F _s is sufficient, the calculation speed is low, and the burden on the circuit configuration is small. Further, since the interpolating means also only performs a simple process of linear interpolation, the circuit configuration is simple, and the device as a whole is simple and inexpensive.

[Brief description of drawings]

FIG. 1 is a circuit diagram of a D / A conversion device according to an embodiment of the present invention.

FIG. 2 is a time chart showing the operation of the D / A conversion device.

FIG. 3 is a frequency spectrum of digital data output from each unit of the D / A converter.

FIG. 4 is an explanatory diagram showing a linear interpolation operation of an interpolation filter.

FIG. 5 is a circuit diagram showing a modified example of an interpolation filter.

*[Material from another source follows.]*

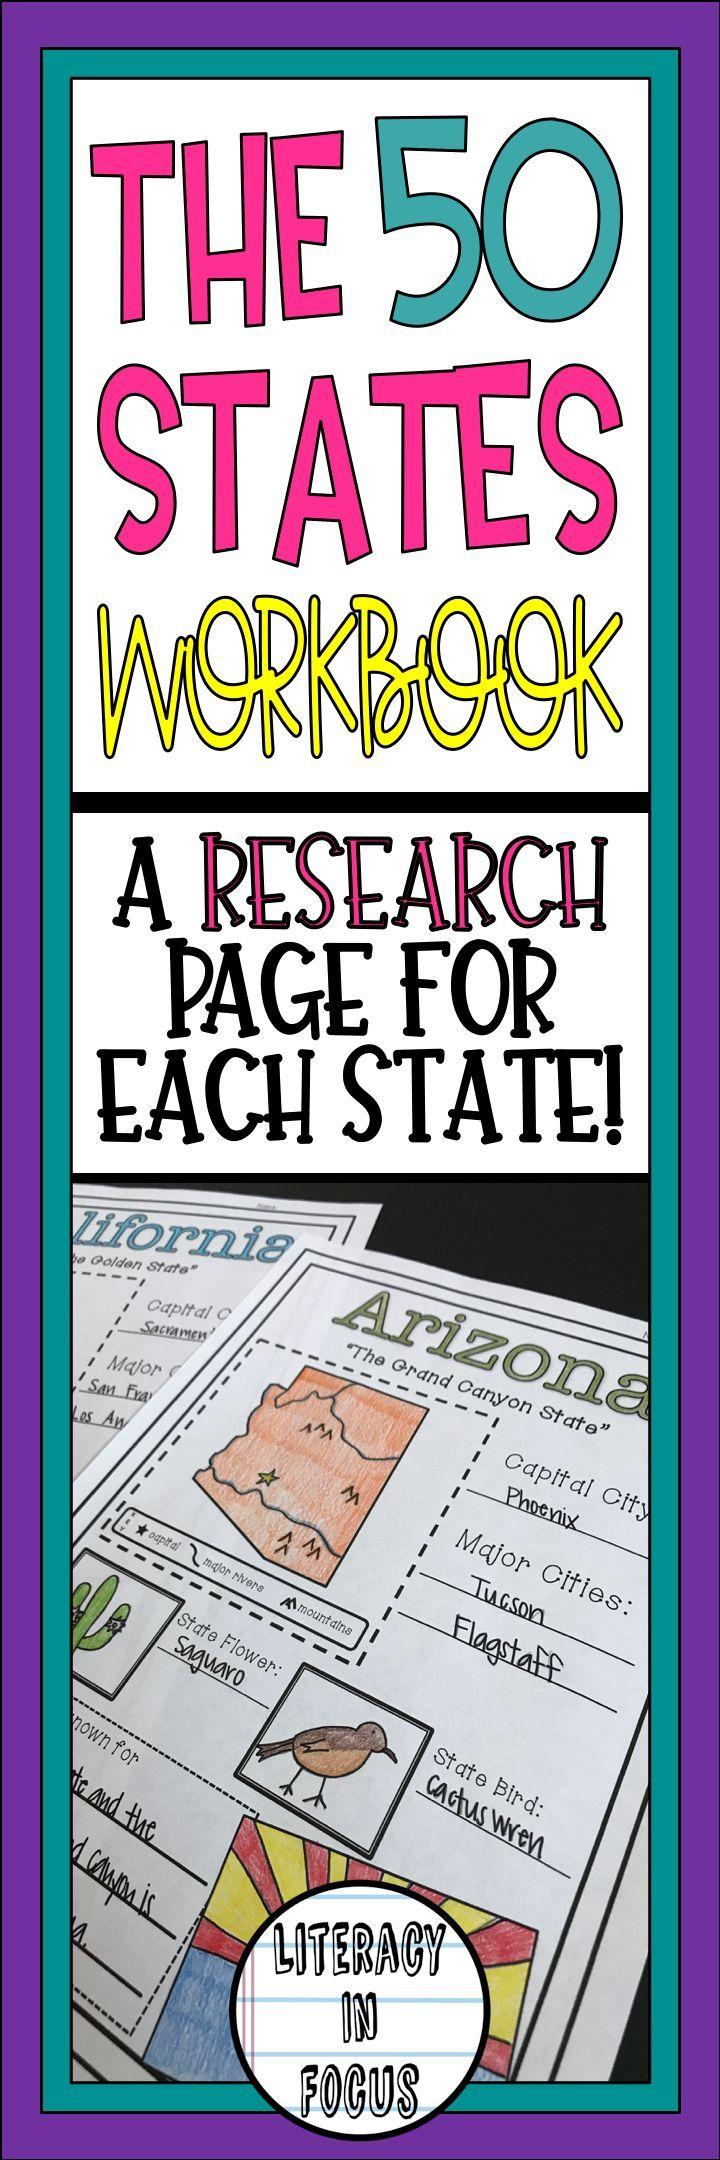 Workbooks golosa workbook : The 50 States Research Workbook
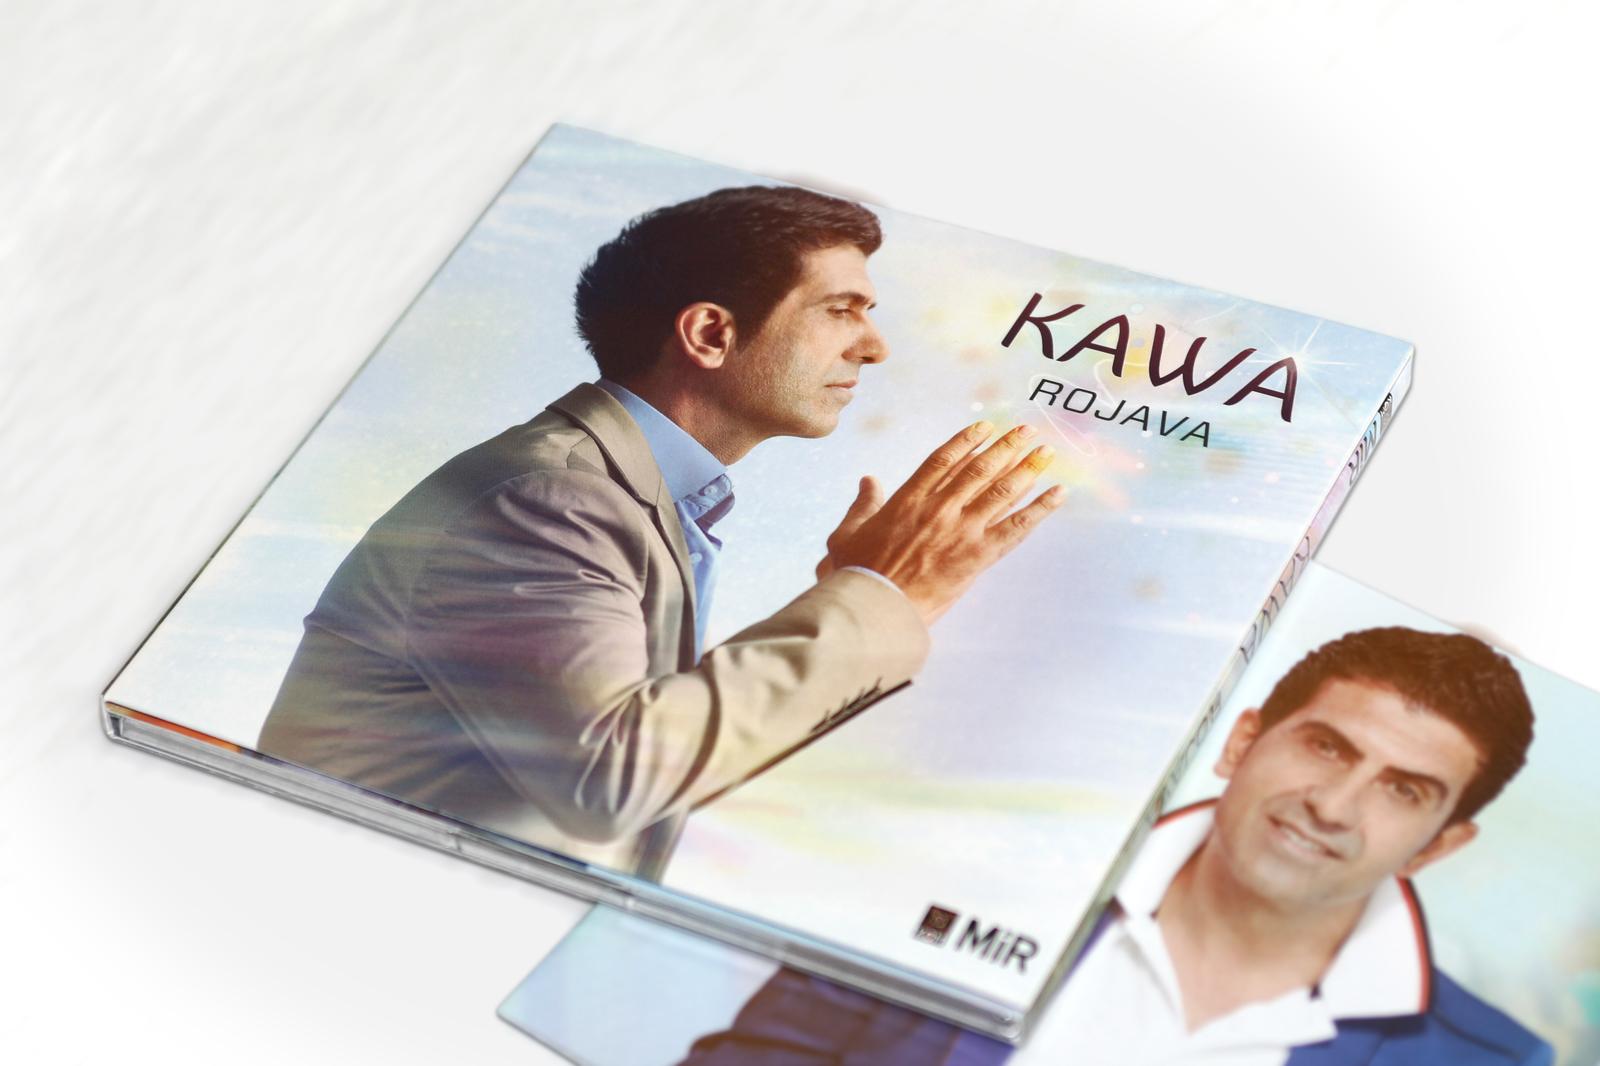 Musik CD Booklet

FIG. 6 is a circuit diagram of a conventional D / A conversion device.

[Explanation of symbols]

20 n times oversampling digital filter 22 Interpolation filter 23 Sampling circuit 24 _{1 to} 24 _m-1 latch circuit 25 Digital adder 26, 31, 32, 33 _{1 to} 33 _m Digital multiplier 27 _{1 to} 27 _k D / A converter 28 Timing Generation Circuit 29 Analog Adder 30 Post Filter

Claims (1)

[Claims] 1. An n-fold over-sampling digital filter means for over-sampling digital data having a sampling frequency F _s by n-fold and blocking a band of F _s / 2 or more, and an n-fold over-sampling digital filter. Interpolation means for interpolating the sampling frequency nF _s of the digital data output from the means, and one sample data for the digital data output from the interpolation means. Import in sequence D /
The D / A conversion means for A conversion, and the addition means for adding the outputs of the D / A conversion means for k are provided, and the interpolation means is a sampling output from the n times oversampling digital filter means. Frequency nF _s
Sampling means for resampling the digital data of 1 / mnF _s and digital data output by the sampling means for 1 / m
A D / A conversion device comprising: (m-1) stage delay means for delaying each cycle of nF _s ; and adder means for adding the outputs of the sampling means and each delay means.